====== GIVEN DATA ======
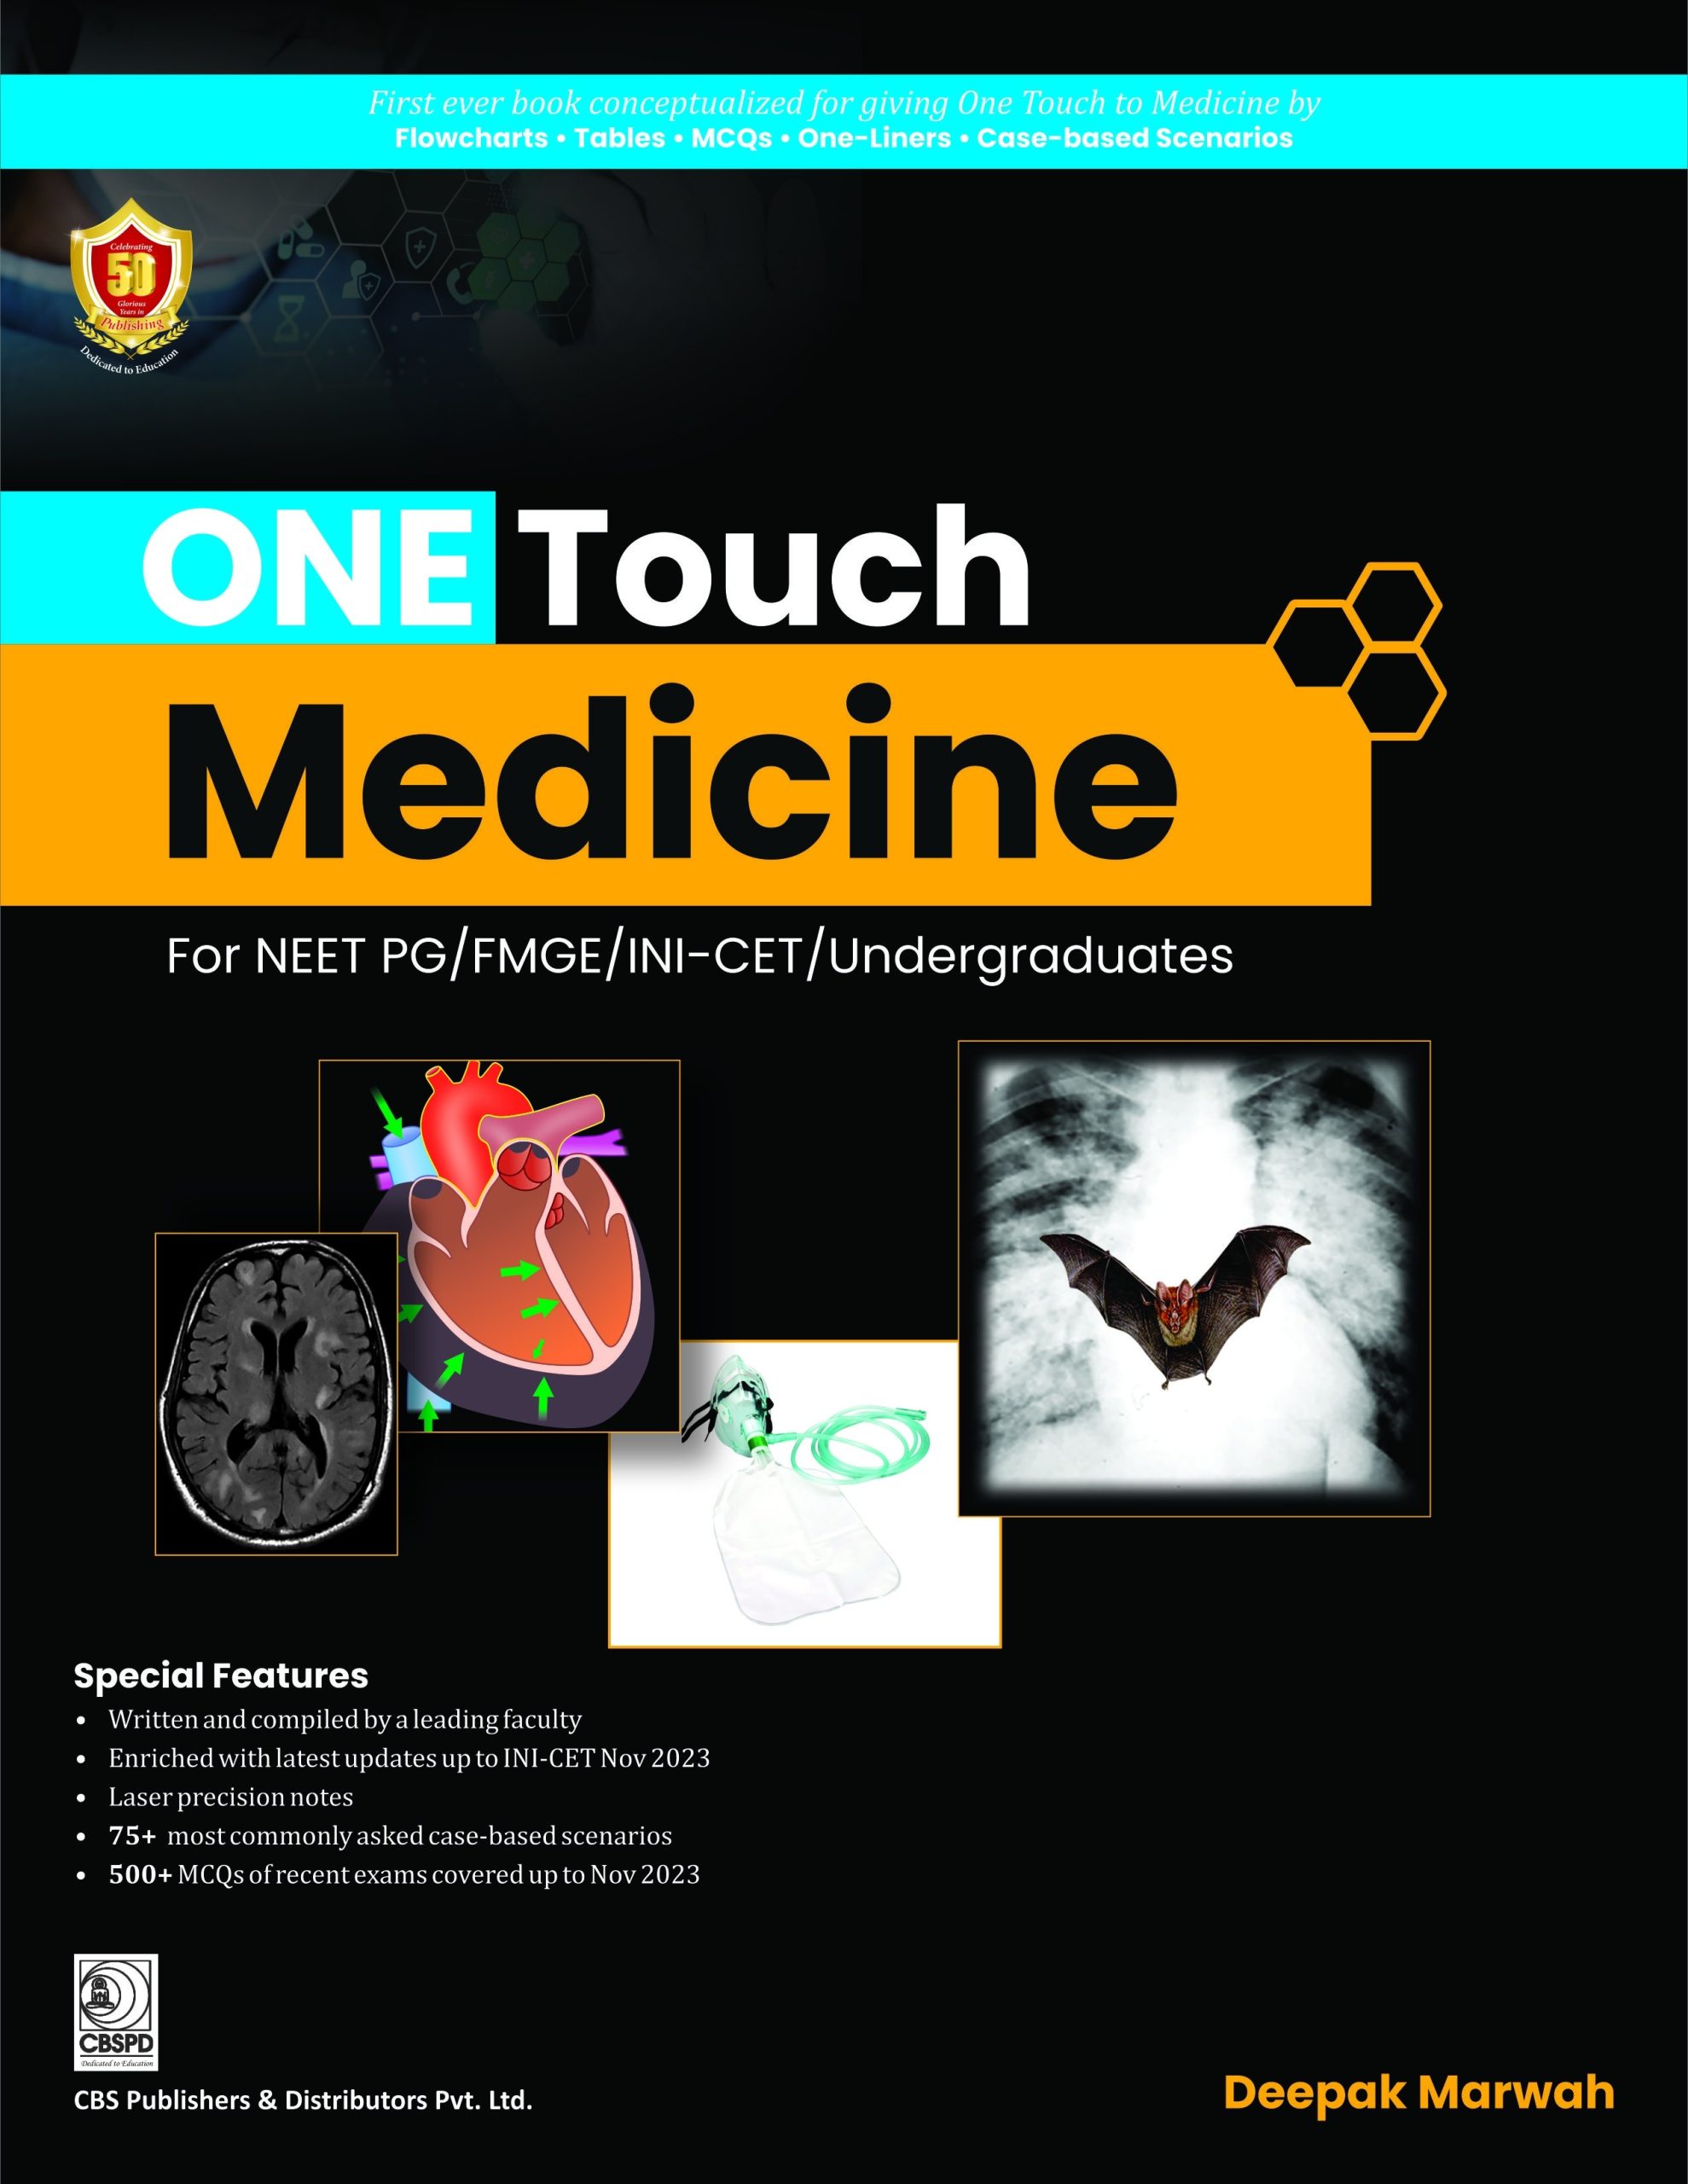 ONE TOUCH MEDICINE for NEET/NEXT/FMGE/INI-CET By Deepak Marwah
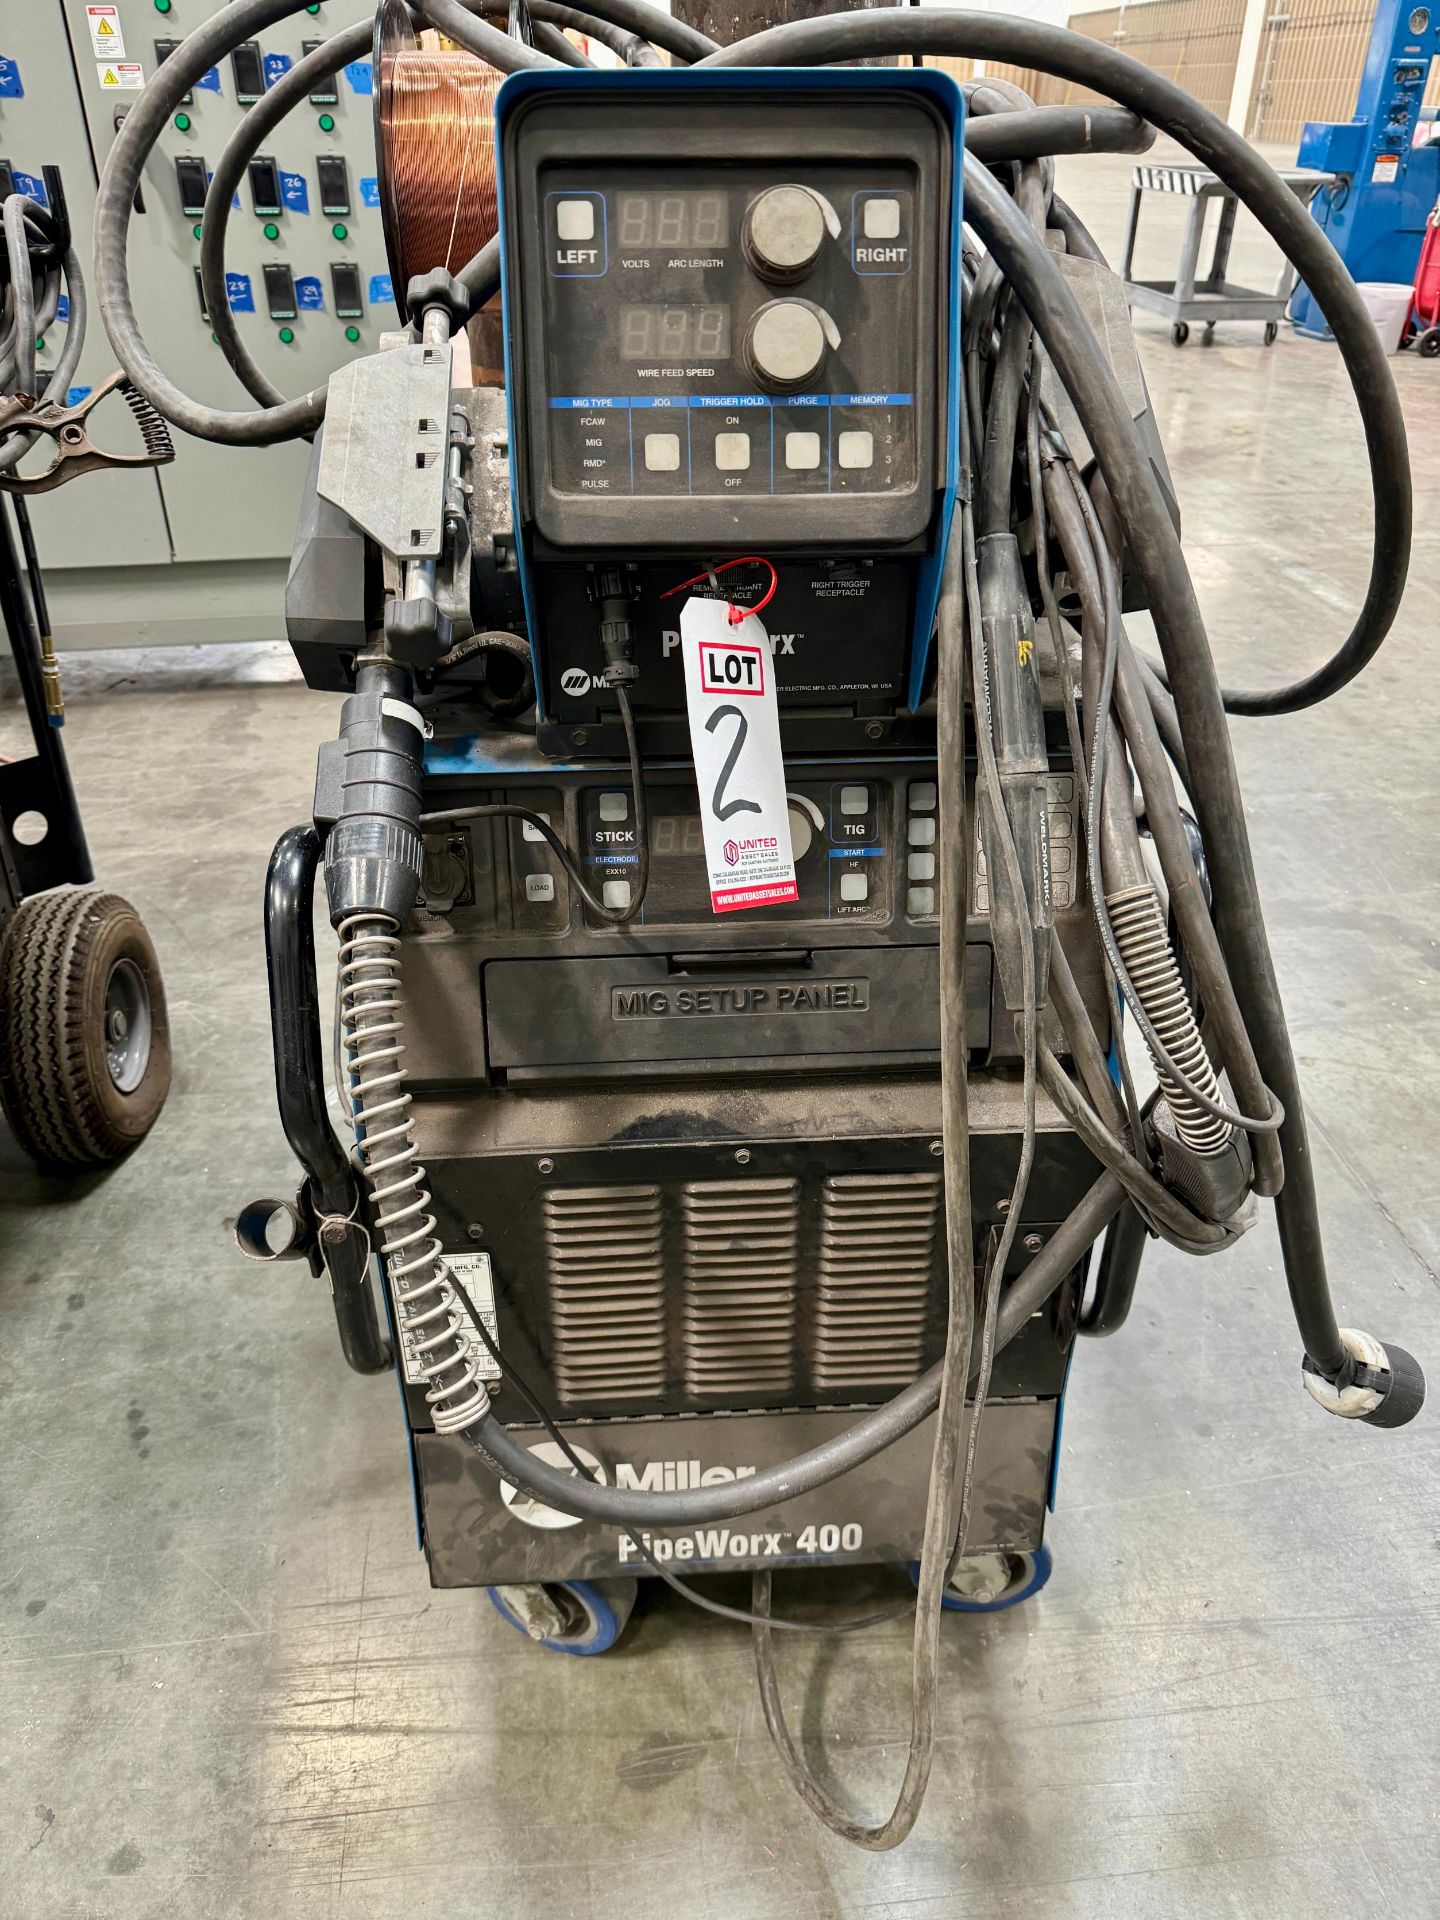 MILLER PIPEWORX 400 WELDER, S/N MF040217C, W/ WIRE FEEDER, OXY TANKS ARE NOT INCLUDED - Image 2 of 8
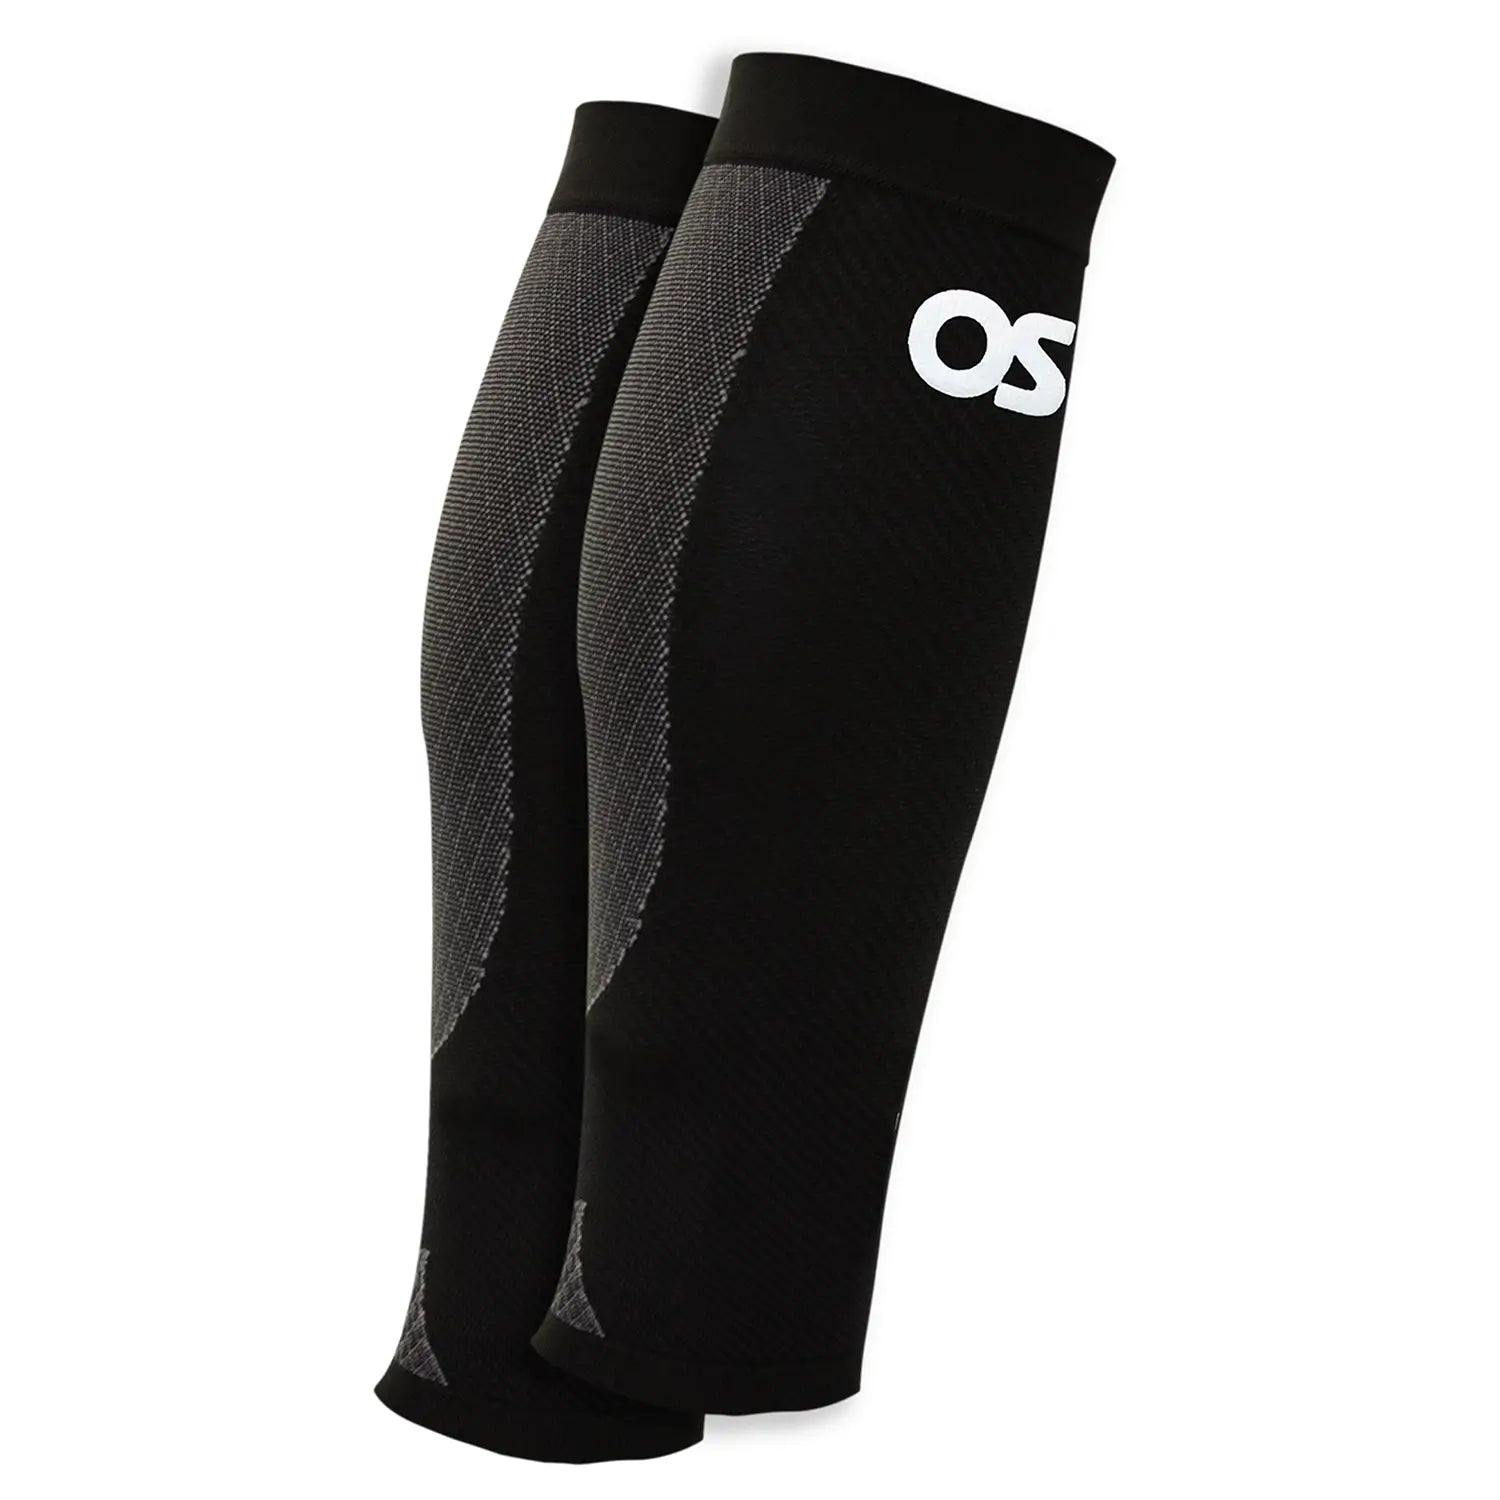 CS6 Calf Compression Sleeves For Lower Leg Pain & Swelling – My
======
Leave the pictures out and restate the listing word for word.

● **RESULT BELOW**:
 ONE TOUCH MEDICINE for NEET/NEXT/FMGE/INI-CET By Deepak Marwah
 MILLER PIPEWORX 400 WELDER, S/N MF040217C, W/ WIRE FEEDER, OXY TANKS ARE NOT INCLUDED - Image 2 of 8
 CS6 Calf Compression Sleeves For Lower Leg Pain & Swelling – My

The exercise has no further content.